Patients with a biological valve may need replacement valve of 10-15 years. Mechanical valves may also fail, so patients should inform their doctor if they have symptoms of valve insufficiency. Patients with mechanical valves must take blood-thinning medication at the end of their lives. Because these medicines increase the risk of bleeding in the body, you should always be used in medical notification bracelet and the doctor or dentist that you are taking anticoagulant medicine. Even if you take anticoagulant medication, you should always inform your doctor and dentist to have had valve surgery. If you have any surgery or dentistry, you should take antibiotics before the procedure. The bacteria can enter the bloodstream during these procedures. If bacteria enter the repair or artificial heart valves, can lead to a serious condition called bacterial endocarditis. Antibiotics can prevent bacterial endocarditis. http://www.insideheart.com/

Mitral Regurgitation also known as mitral insufficiency or mitral incompetence is a disorder affecting the mitral valve of the heart.

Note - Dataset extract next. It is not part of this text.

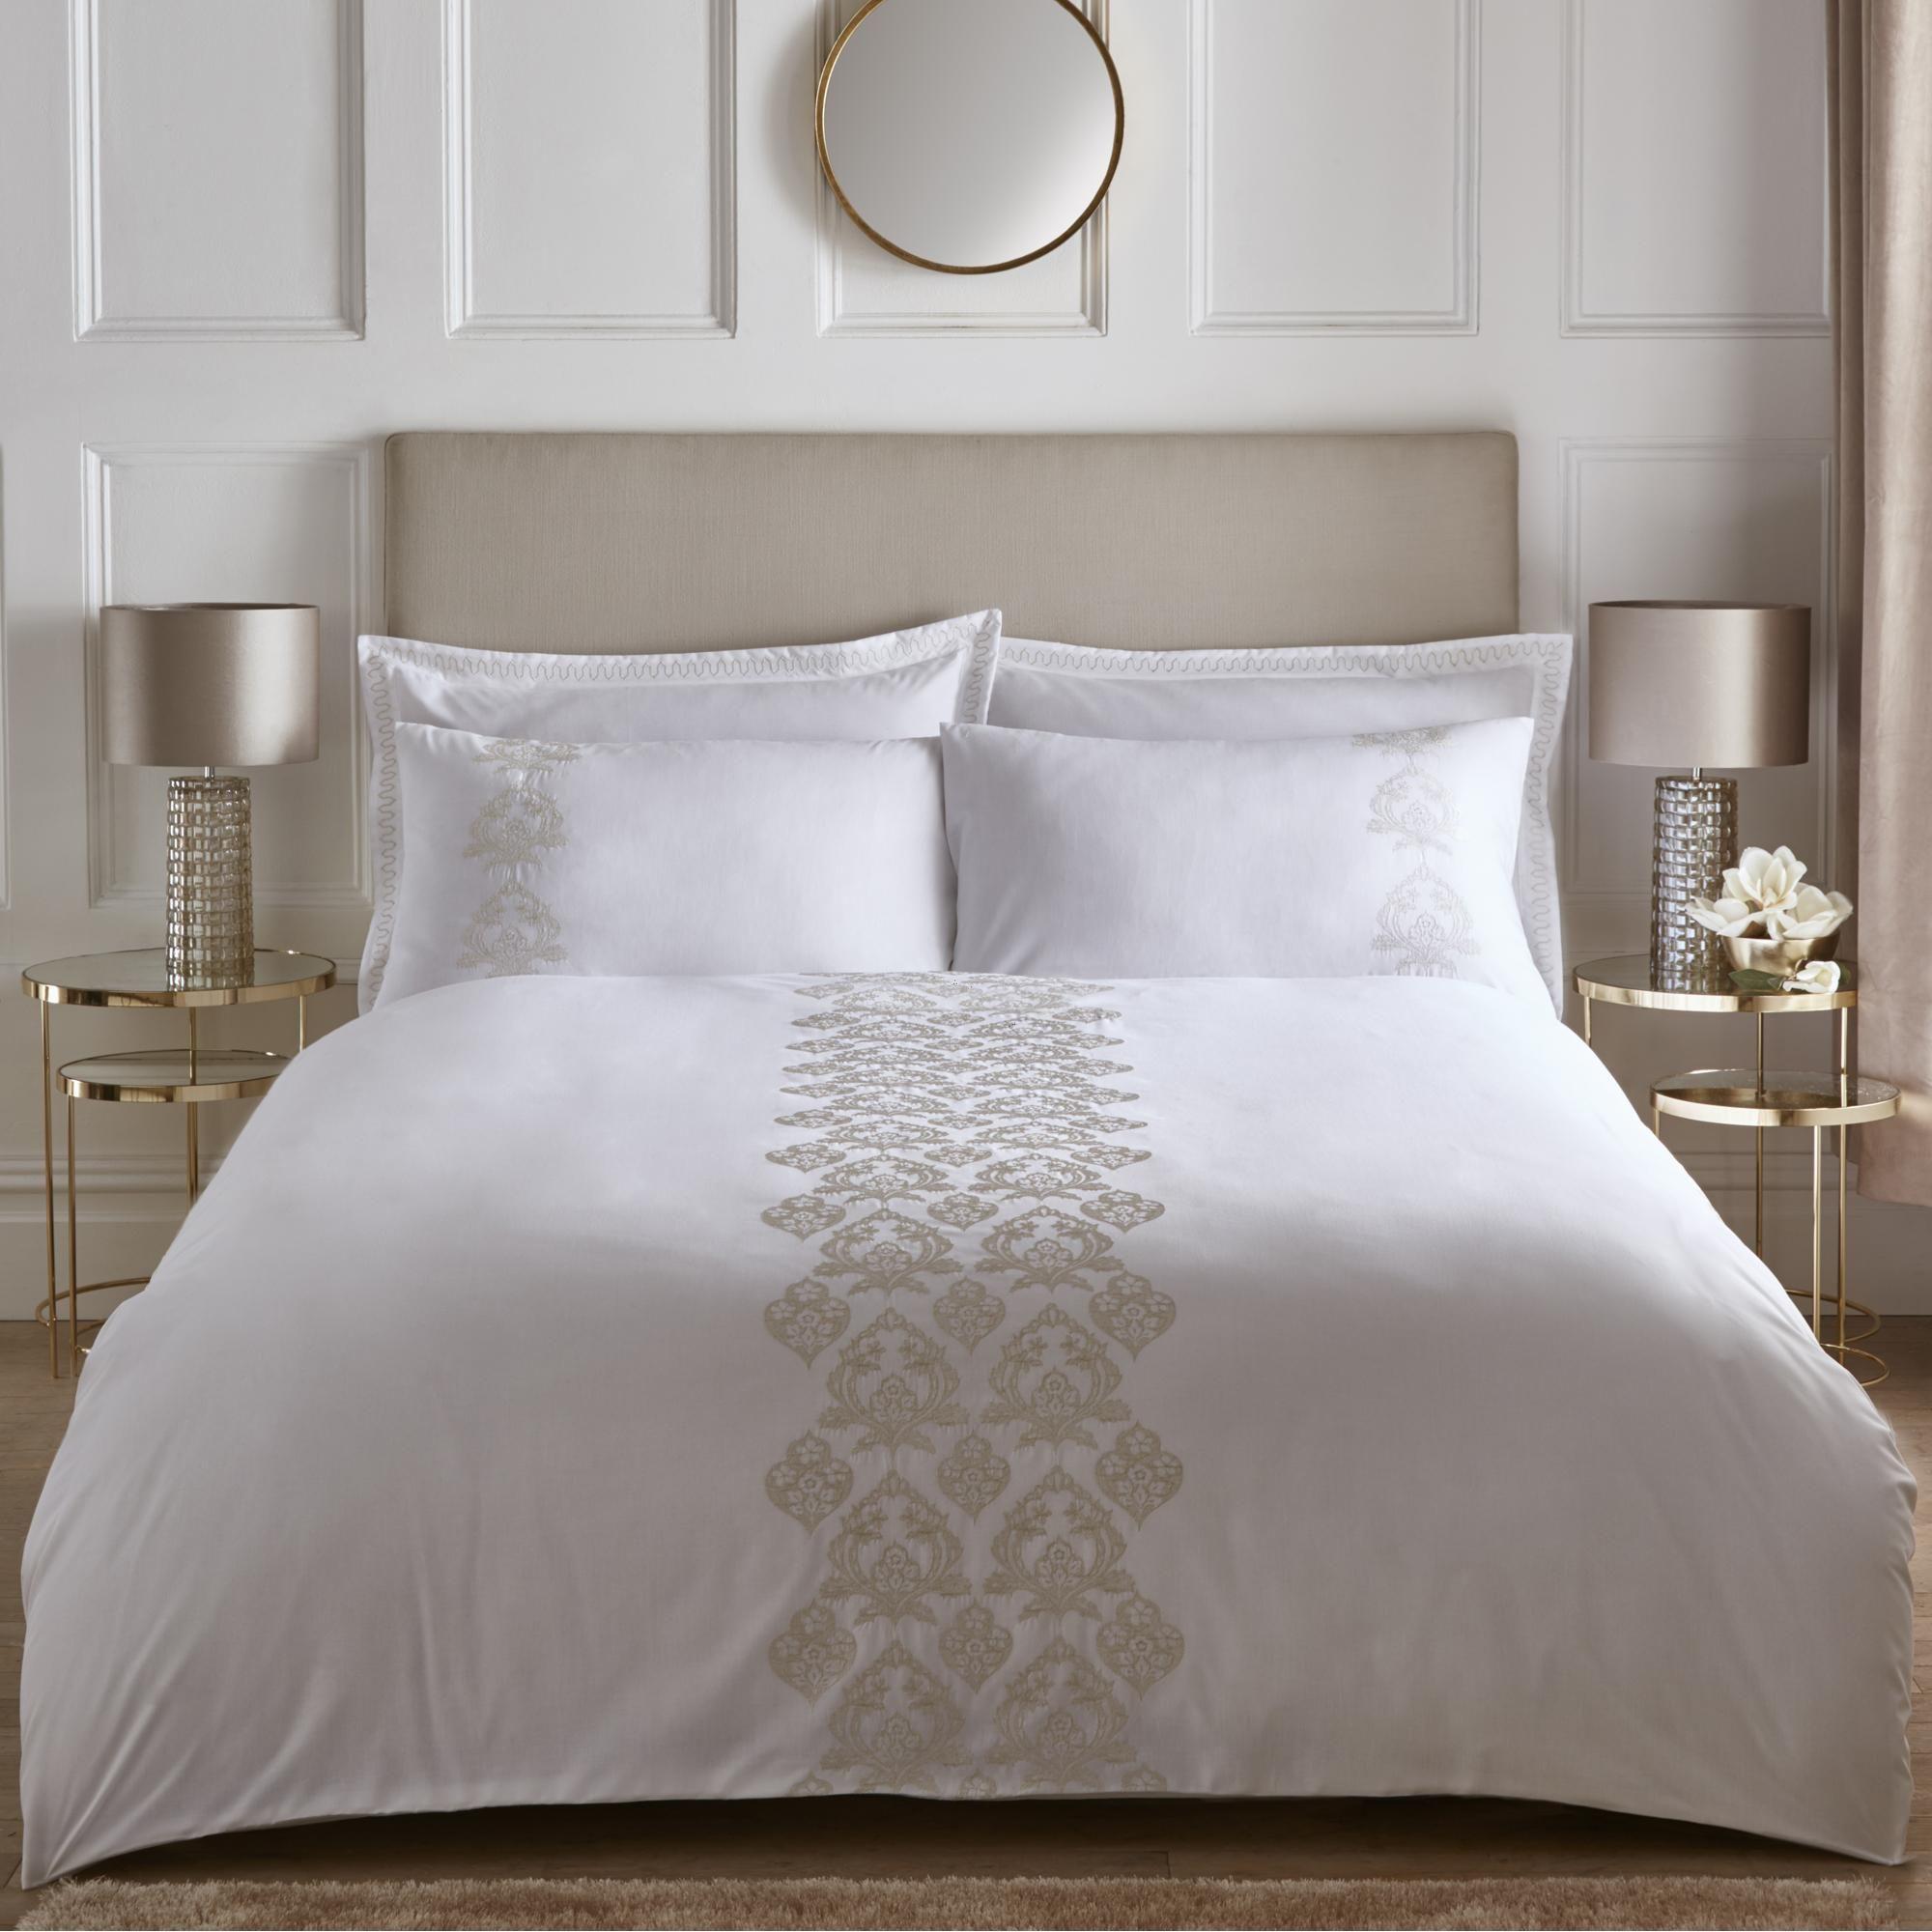 Luxury King size duvet natural white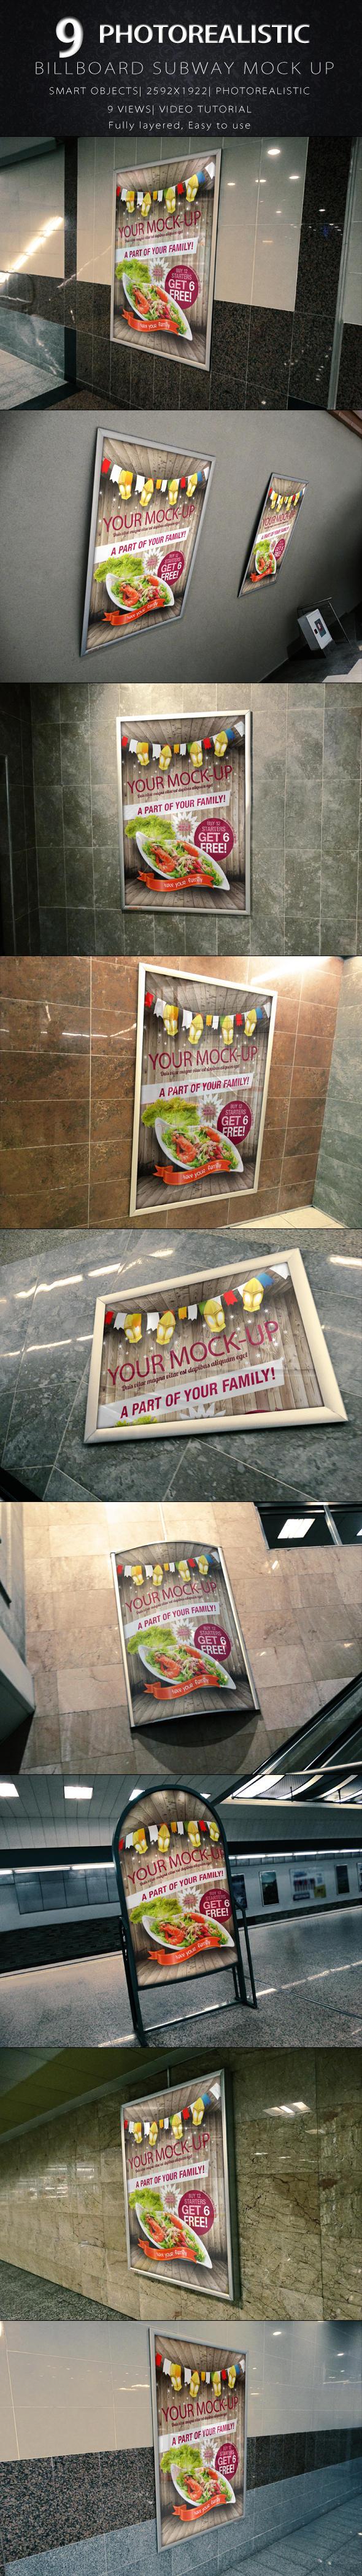 Photorealistic Billboard Subway Mock-Up by KILVAM

The cusps or flaps of the mitral valve do not seal tightly in this condition and causes a backflow of blood through the mitral valve from the left ventricle to the let atrium of the heart. The heart valve in this state is referred to as a leaky valve. http://www.heart-consult.com

Various symptoms are
* Shortness of breath.
* Pulmonary edema or fluid accumulation in the lungs.
* Orthopnea or shortness of breath while lying flat.
* Paroxysmal nocturnal dyspnea or Cardiac Asthma
* Decreased exercise tolerance.
* Swollen feet or ankles.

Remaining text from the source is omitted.